- [STORED DATA]:

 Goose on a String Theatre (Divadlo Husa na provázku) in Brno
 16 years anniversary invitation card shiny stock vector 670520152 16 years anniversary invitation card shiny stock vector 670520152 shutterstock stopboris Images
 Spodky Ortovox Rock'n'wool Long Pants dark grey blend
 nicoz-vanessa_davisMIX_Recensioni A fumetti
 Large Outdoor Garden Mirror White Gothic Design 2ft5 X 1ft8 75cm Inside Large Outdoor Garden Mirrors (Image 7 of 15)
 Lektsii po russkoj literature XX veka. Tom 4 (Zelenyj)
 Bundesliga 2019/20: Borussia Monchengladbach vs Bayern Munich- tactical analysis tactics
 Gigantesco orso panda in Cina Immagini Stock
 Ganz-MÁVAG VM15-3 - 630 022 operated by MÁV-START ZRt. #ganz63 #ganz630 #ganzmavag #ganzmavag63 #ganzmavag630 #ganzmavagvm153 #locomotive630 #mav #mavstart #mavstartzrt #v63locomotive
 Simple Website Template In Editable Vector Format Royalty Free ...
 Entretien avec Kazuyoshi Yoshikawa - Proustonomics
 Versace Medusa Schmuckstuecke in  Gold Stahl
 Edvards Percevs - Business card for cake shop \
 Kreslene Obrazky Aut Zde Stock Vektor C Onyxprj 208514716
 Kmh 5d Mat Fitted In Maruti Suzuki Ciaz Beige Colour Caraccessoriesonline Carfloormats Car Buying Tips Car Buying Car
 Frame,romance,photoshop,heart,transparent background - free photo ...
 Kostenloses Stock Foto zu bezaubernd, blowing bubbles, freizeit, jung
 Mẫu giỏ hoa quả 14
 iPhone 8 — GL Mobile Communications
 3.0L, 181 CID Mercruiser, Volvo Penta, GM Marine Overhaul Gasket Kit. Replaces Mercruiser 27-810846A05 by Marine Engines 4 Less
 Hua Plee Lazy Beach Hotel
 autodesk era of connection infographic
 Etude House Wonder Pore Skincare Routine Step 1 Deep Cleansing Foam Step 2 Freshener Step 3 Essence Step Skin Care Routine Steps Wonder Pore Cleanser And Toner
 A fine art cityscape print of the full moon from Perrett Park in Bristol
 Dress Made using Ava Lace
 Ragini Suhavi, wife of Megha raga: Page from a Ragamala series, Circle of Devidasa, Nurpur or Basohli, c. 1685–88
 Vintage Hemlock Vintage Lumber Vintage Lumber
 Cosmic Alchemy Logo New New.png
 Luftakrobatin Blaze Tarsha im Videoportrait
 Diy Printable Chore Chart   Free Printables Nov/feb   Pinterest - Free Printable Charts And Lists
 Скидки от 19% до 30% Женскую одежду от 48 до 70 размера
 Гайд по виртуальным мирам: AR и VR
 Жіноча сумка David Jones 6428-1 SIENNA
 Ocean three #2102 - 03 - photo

- [ACTION ITEM]:
Output the entire listing above, character for character.

- [OUTPUT]:
 Goose on a String Theatre (Divadlo Husa na provázku) in Brno
 16 years anniversary invitation card shiny stock vector 670520152 16 years anniversary invitation card shiny stock vector 670520152 shutterstock stopboris Images
 Spodky Ortovox Rock'n'wool Long Pants dark grey blend
 nicoz-vanessa_davisMIX_Recensioni A fumetti
 Large Outdoor Garden Mirror White Gothic Design 2ft5 X 1ft8 75cm Inside Large Outdoor Garden Mirrors (Image 7 of 15)
 Lektsii po russkoj literature XX veka. Tom 4 (Zelenyj)
 Bundesliga 2019/20: Borussia Monchengladbach vs Bayern Munich- tactical analysis tactics
 Gigantesco orso panda in Cina Immagini Stock
 Ganz-MÁVAG VM15-3 - 630 022 operated by MÁV-START ZRt. #ganz63 #ganz630 #ganzmavag #ganzmavag63 #ganzmavag630 #ganzmavagvm153 #locomotive630 #mav #mavstart #mavstartzrt #v63locomotive
 Simple Website Template In Editable Vector Format Royalty Free ...
 Entretien avec Kazuyoshi Yoshikawa - Proustonomics
 Versace Medusa Schmuckstuecke in  Gold Stahl
 Edvards Percevs - Business card for cake shop \
 Kreslene Obrazky Aut Zde Stock Vektor C Onyxprj 208514716
 Kmh 5d Mat Fitted In Maruti Suzuki Ciaz Beige Colour Caraccessoriesonline Carfloormats Car Buying Tips Car Buying Car
 Frame,romance,photoshop,heart,transparent background - free photo ...
 Kostenloses Stock Foto zu bezaubernd, blowing bubbles, freizeit, jung
 Mẫu giỏ hoa quả 14
 iPhone 8 — GL Mobile Communications
 3.0L, 181 CID Mercruiser, Volvo Penta, GM Marine Overhaul Gasket Kit. Replaces Mercruiser 27-810846A05 by Marine Engines 4 Less
 Hua Plee Lazy Beach Hotel
 autodesk era of connection infographic
 Etude House Wonder Pore Skincare Routine Step 1 Deep Cleansing Foam Step 2 Freshener Step 3 Essence Step Skin Care Routine Steps Wonder Pore Cleanser And Toner
 A fine art cityscape print of the full moon from Perrett Park in Bristol
 Dress Made using Ava Lace
 Ragini Suhavi, wife of Megha raga: Page from a Ragamala series, Circle of Devidasa, Nurpur or Basohli, c. 1685–88
 Vintage Hemlock Vintage Lumber Vintage Lumber
 Cosmic Alchemy Logo New New.png
 Luftakrobatin Blaze Tarsha im Videoportrait
 Diy Printable Chore Chart   Free Printables Nov/feb   Pinterest - Free Printable Charts And Lists
 Скидки от 19% до 30% Женскую одежду от 48 до 70 размера
 Гайд по виртуальным мирам: AR и VR
 Жіноча сумка David Jones 6428-1 SIENNA
 Ocean three #2102 - 03 - photo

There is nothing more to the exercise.